Performance of the classification models was evaluated in the internal independent validation set, which was never used for training and optimisation. The prediction models’ discriminatory power was assessed by computing the C index over 1000 bootstrap samples of the test set. We further tested the model’s performance by stratifying the test set into participants with (N=176) and without prediabetes (defined as HbA1c ≥42 mmol/mol [6.0%], N=46). Performance of PGS-only models was tested using simple Cox proportional hazards models (Prentice-weighted), using an analogous bootstrapping framework. To determine whether the addition of omics improved performance over the clinical model, we estimated one-sided p values for the difference in the mean C indices (from bootstrapping). This was calculated as the number of times the difference (between the C indices from clinical + omics and the clinical model) was lower than zero divided by 1000 (that is, the number of bootstrap C indices). For each of the omic layers, we calculated the net reclassification improvement (NRI) when added on top of the clinical model in the test set (all and stratifying by the HbA1c threshold for prediabetes) using the R package nricens v1.6 [32].
Cumulative type 2 diabetes incidence
To be able to compute absolute risk estimates, we leveraged genotype information available for participants from the entire EPIC-Norfolk study.

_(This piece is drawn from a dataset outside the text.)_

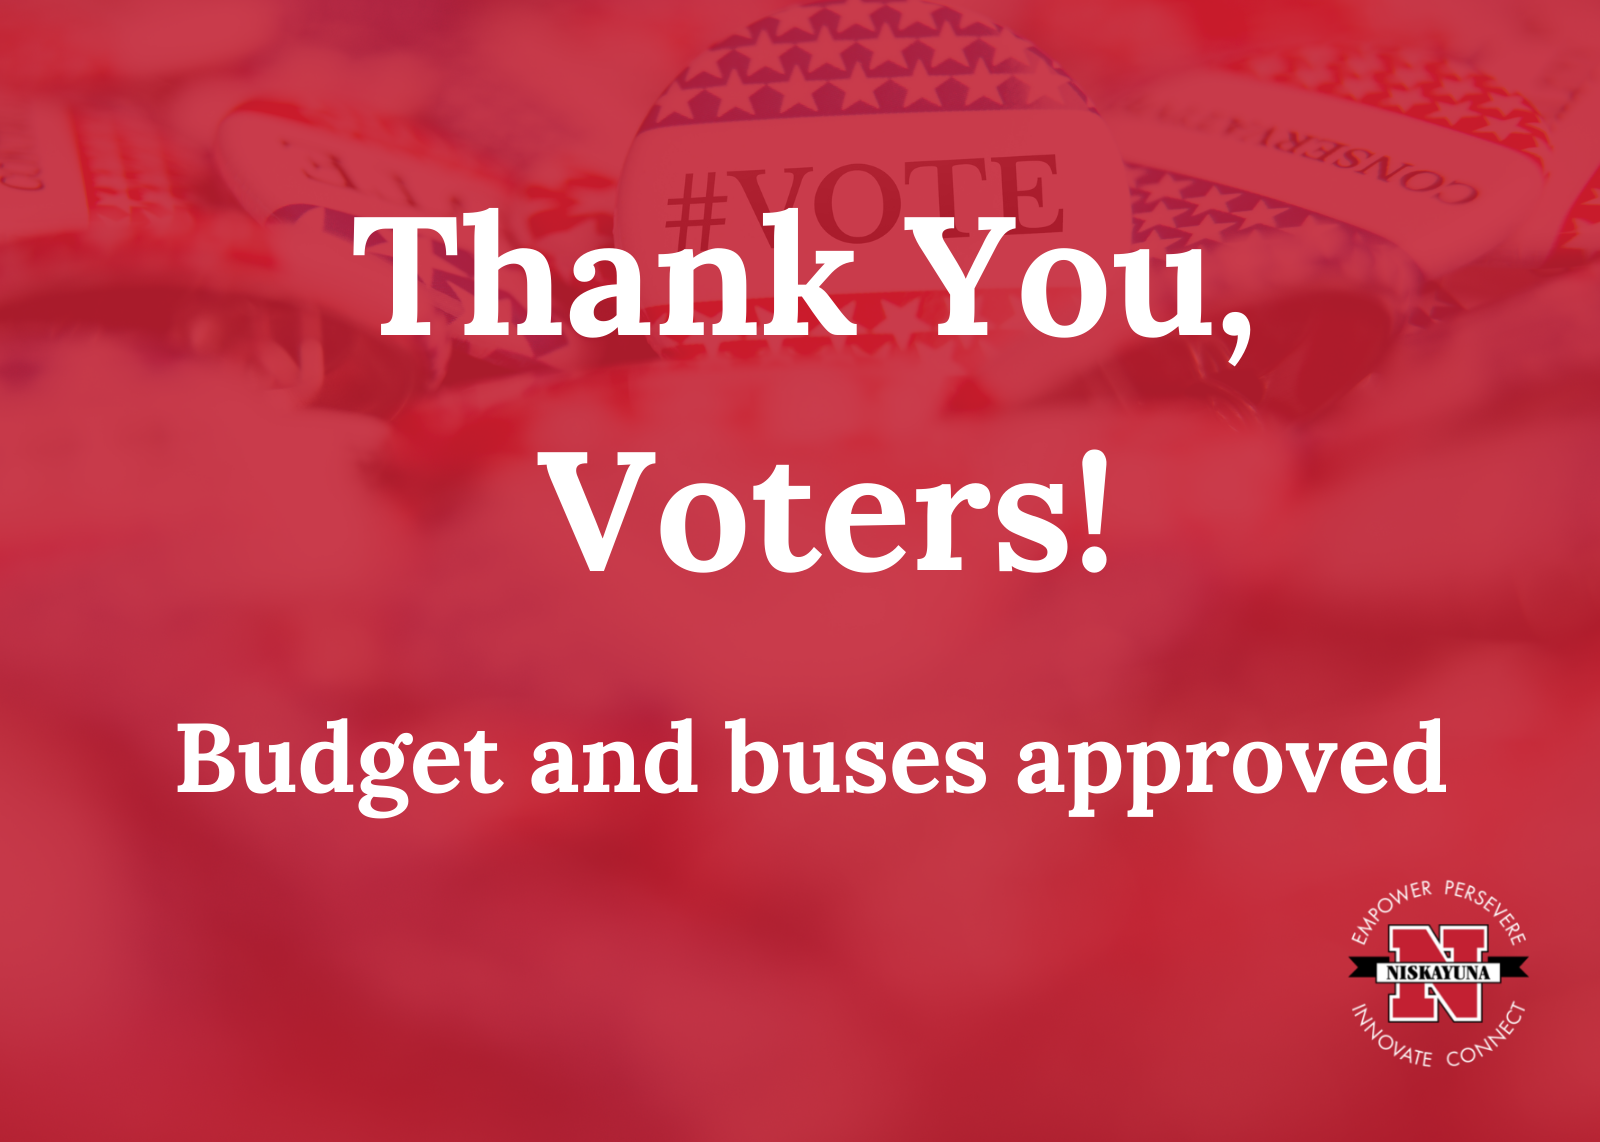 vote buttons with text that says thank you voters, budget and buses approved

Linkage with hospitalisation and death registry data was done using UK National Health Service (NHS) numbers through NHS Digital. Vital status was ascertained for the entire EPIC-Norfolk cohort and death certificates were coded by trained nosologists according to ICD-10. For type 2 diabetes definitions, participants were identified as having an event if the corresponding ICD-10 code was registered on the death certificate (as the underlying cause of death or as a contributing factor) or as the cause of hospitalisation. Since the long-term follow-up of EPIC-Norfolk included a period in which coding shifted from ICD-9 to ICD-10, codes were consolidated. We computed the predicted risk for incident type 2 diabetes using the clinical + PGS model in the entire EPIC-Norfolk cohort, excluding individuals with HbA1c levels above the threshold for diabetes (≥48 mmol/mol [6.5%]), with incomplete data for the variables included in this model or who were included in the training set from the case-cohort study (N=9009, ESM Fig. 1b). We stratified participants into those with prediabetes according to their HbA1c levels (≥42 mmol/mol [6.5%]) and quartiles of predicted risk according to the clinical + PGS model among individuals with normoglycaemia. We estimated the cumulative incidence of type 2 diabetes over a 20 year follow-up period in these five strata as 1 minus the Kaplan–Meier estimate of the survivor function.
Results
Baseline characteristics are presented in ESM Table 1. Incident type 2 diabetes cases were on average older, more likely to be men and presented with higher BMI and HbA1c levels compared with cohort control participants.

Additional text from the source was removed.